== Your assignment ==
Everything in the data except the pictures belongs in your answer, copied exactly.

== Data excerpt ==
===============

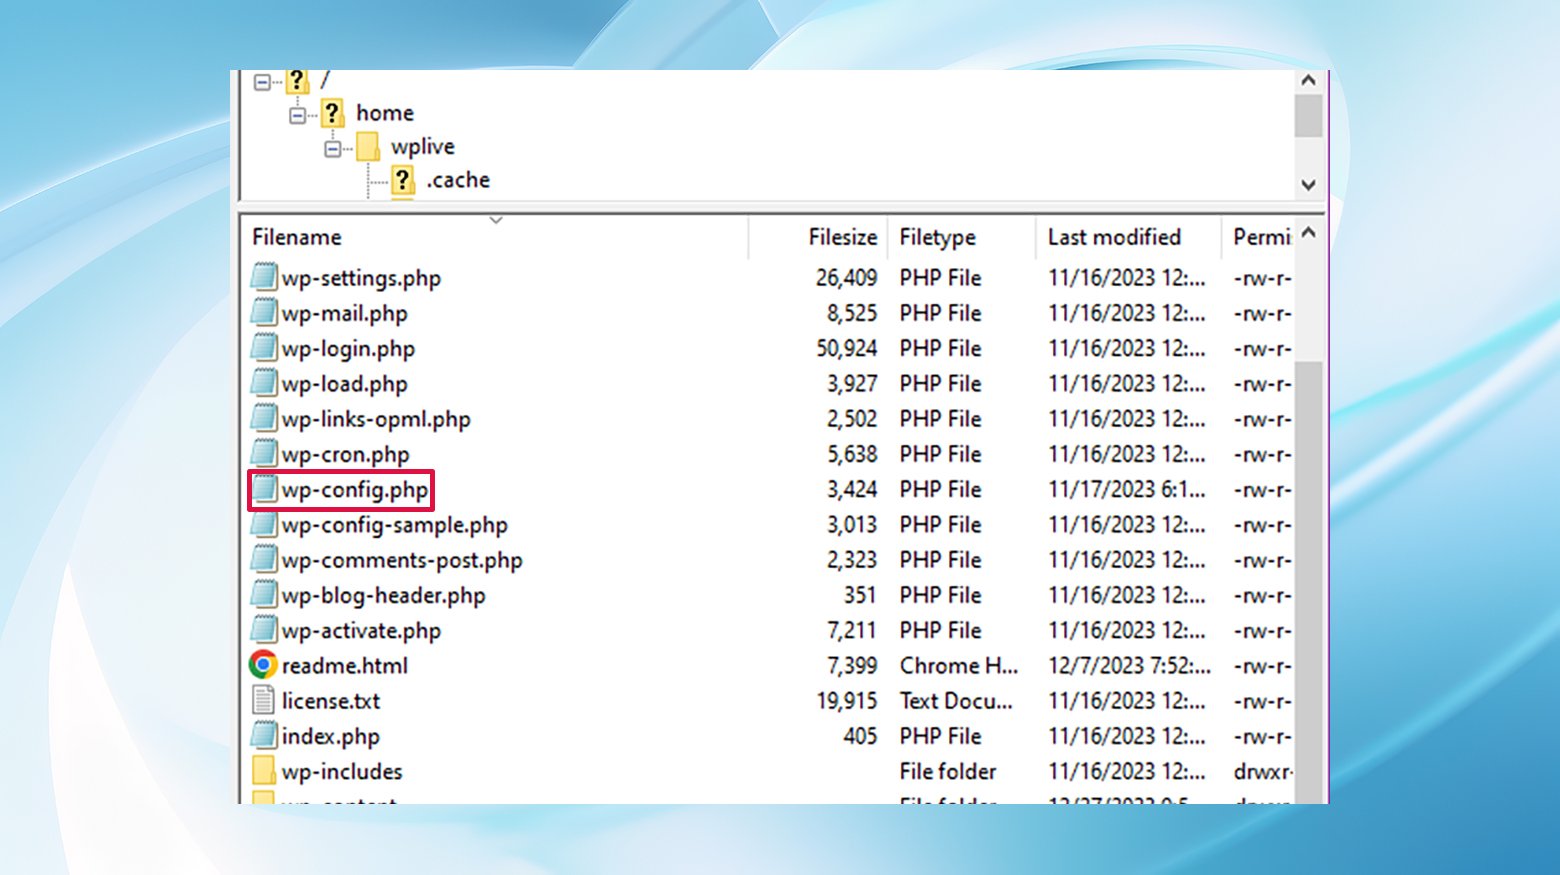 wp-config.php 파일은 FTP 클라이언트에서 볼 때 웹사이트 파일 목록에 나타납니다.
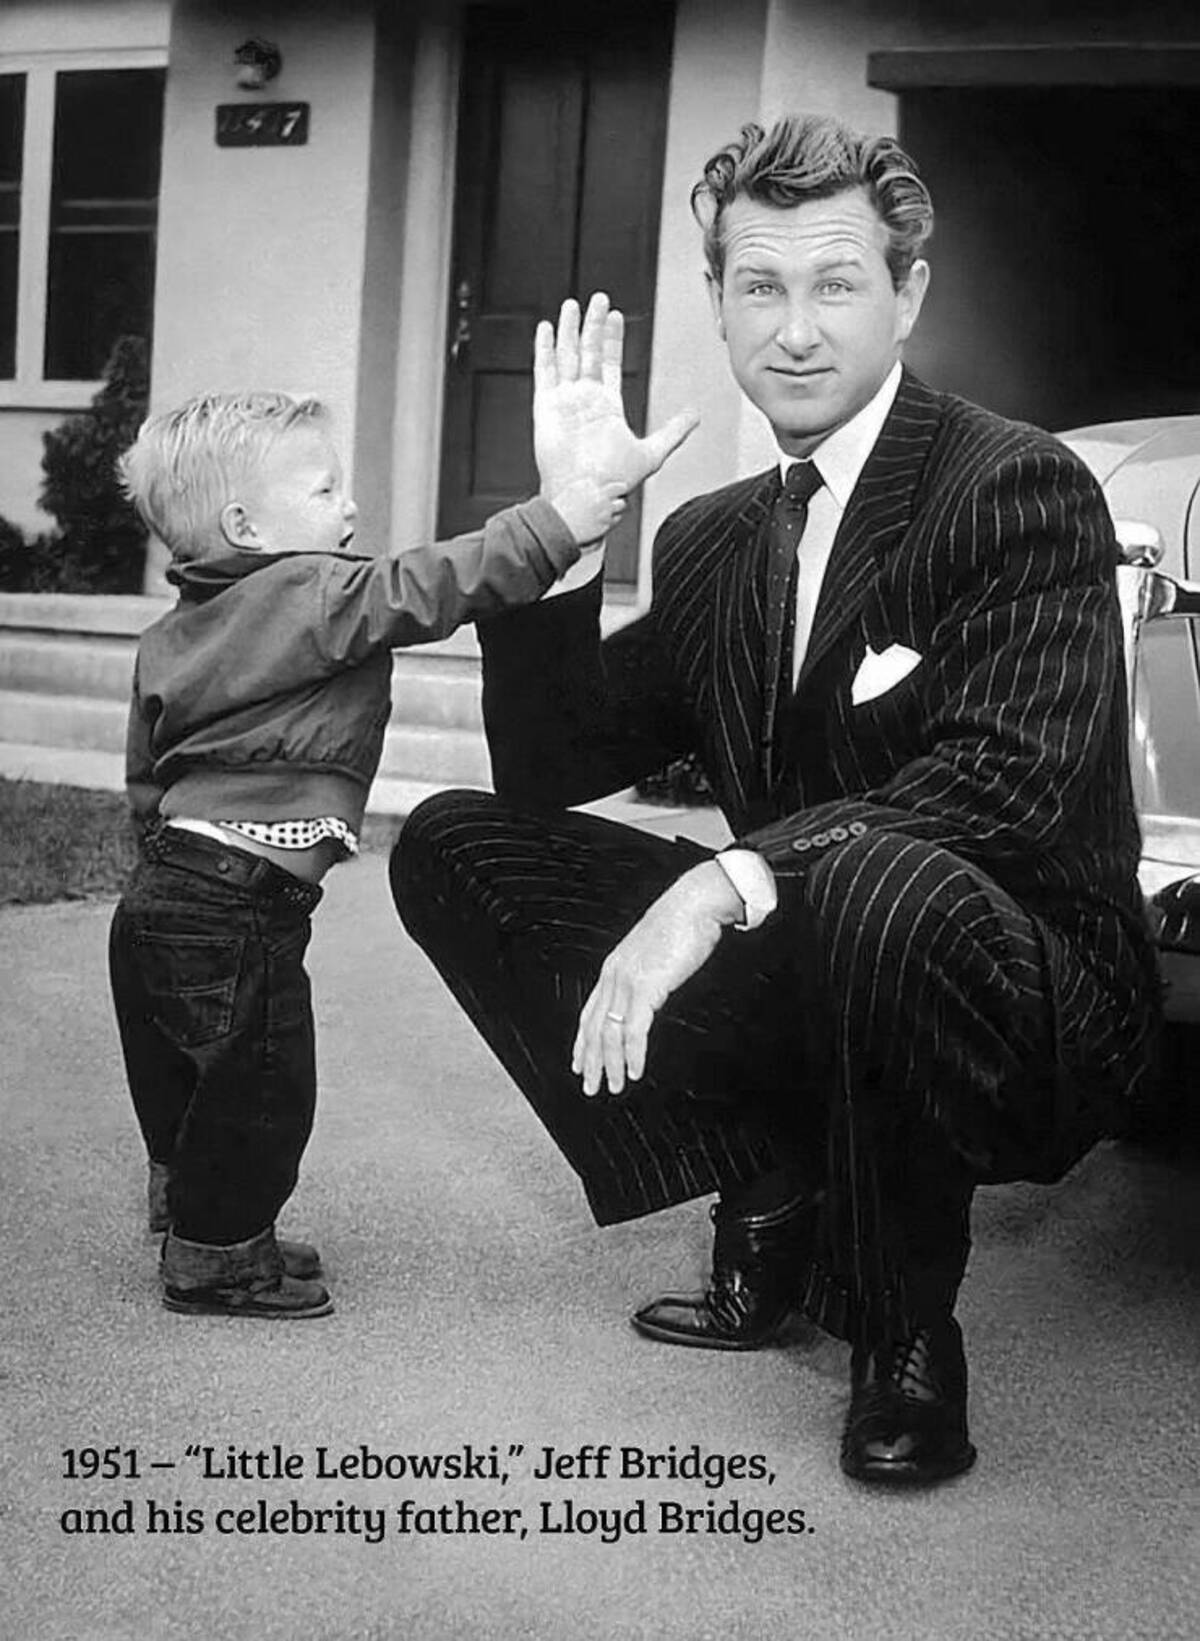 lloyd bridges young - 0000 1951 "Little Lebowski," Jeff Bridges, and his celebrity father, Lloyd Bridges.
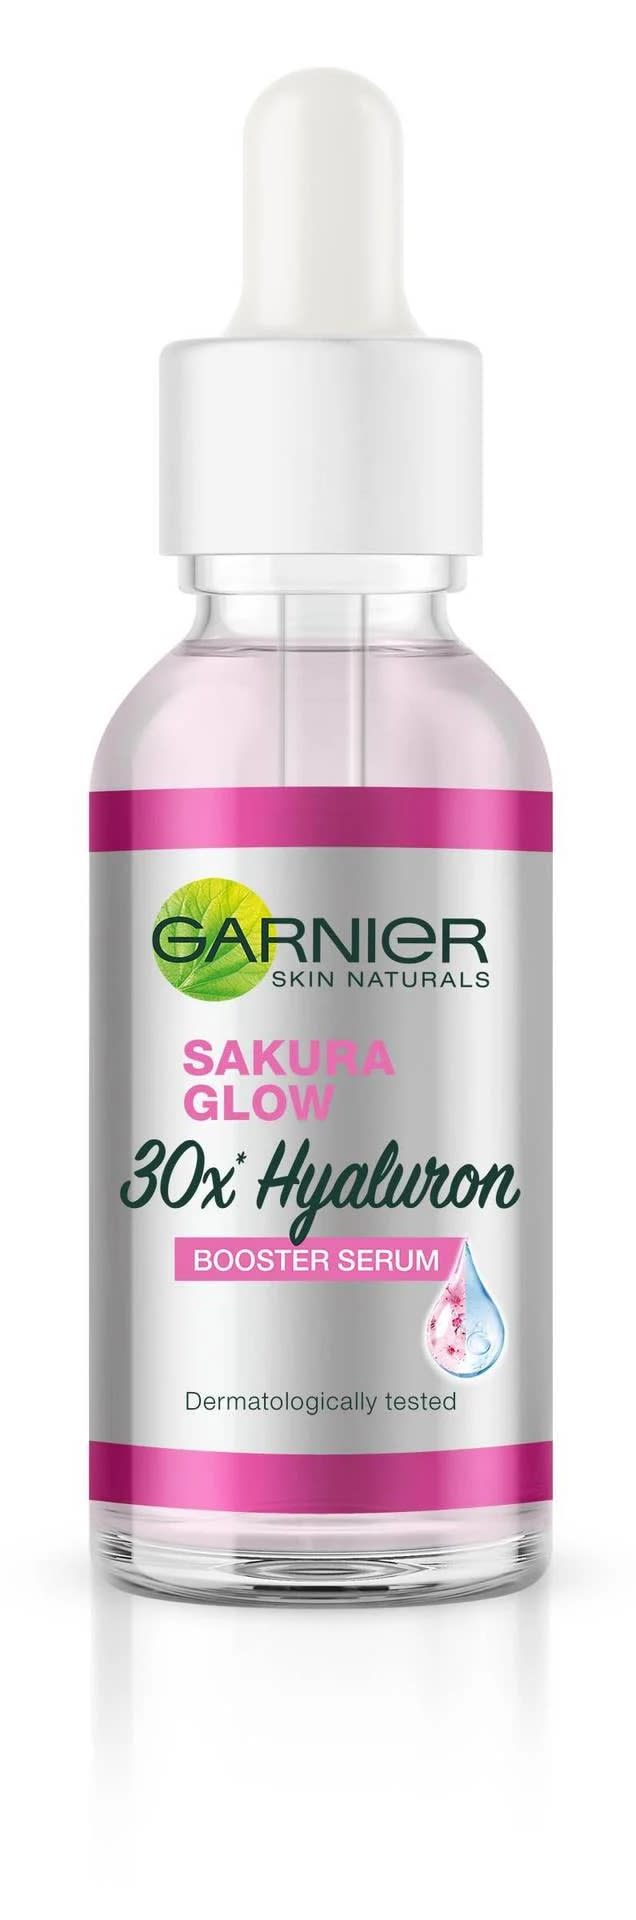 Garnier Sakura Glow 30x Hyaluron Booster Serum

===============

== Answer for the task ==
 wp-config.php 파일은 FTP 클라이언트에서 볼 때 웹사이트 파일 목록에 나타납니다.
 lloyd bridges young - 0000 1951 "Little Lebowski," Jeff Bridges, and his celebrity father, Lloyd Bridges.
 Garnier Sakura Glow 30x Hyaluron Booster Serum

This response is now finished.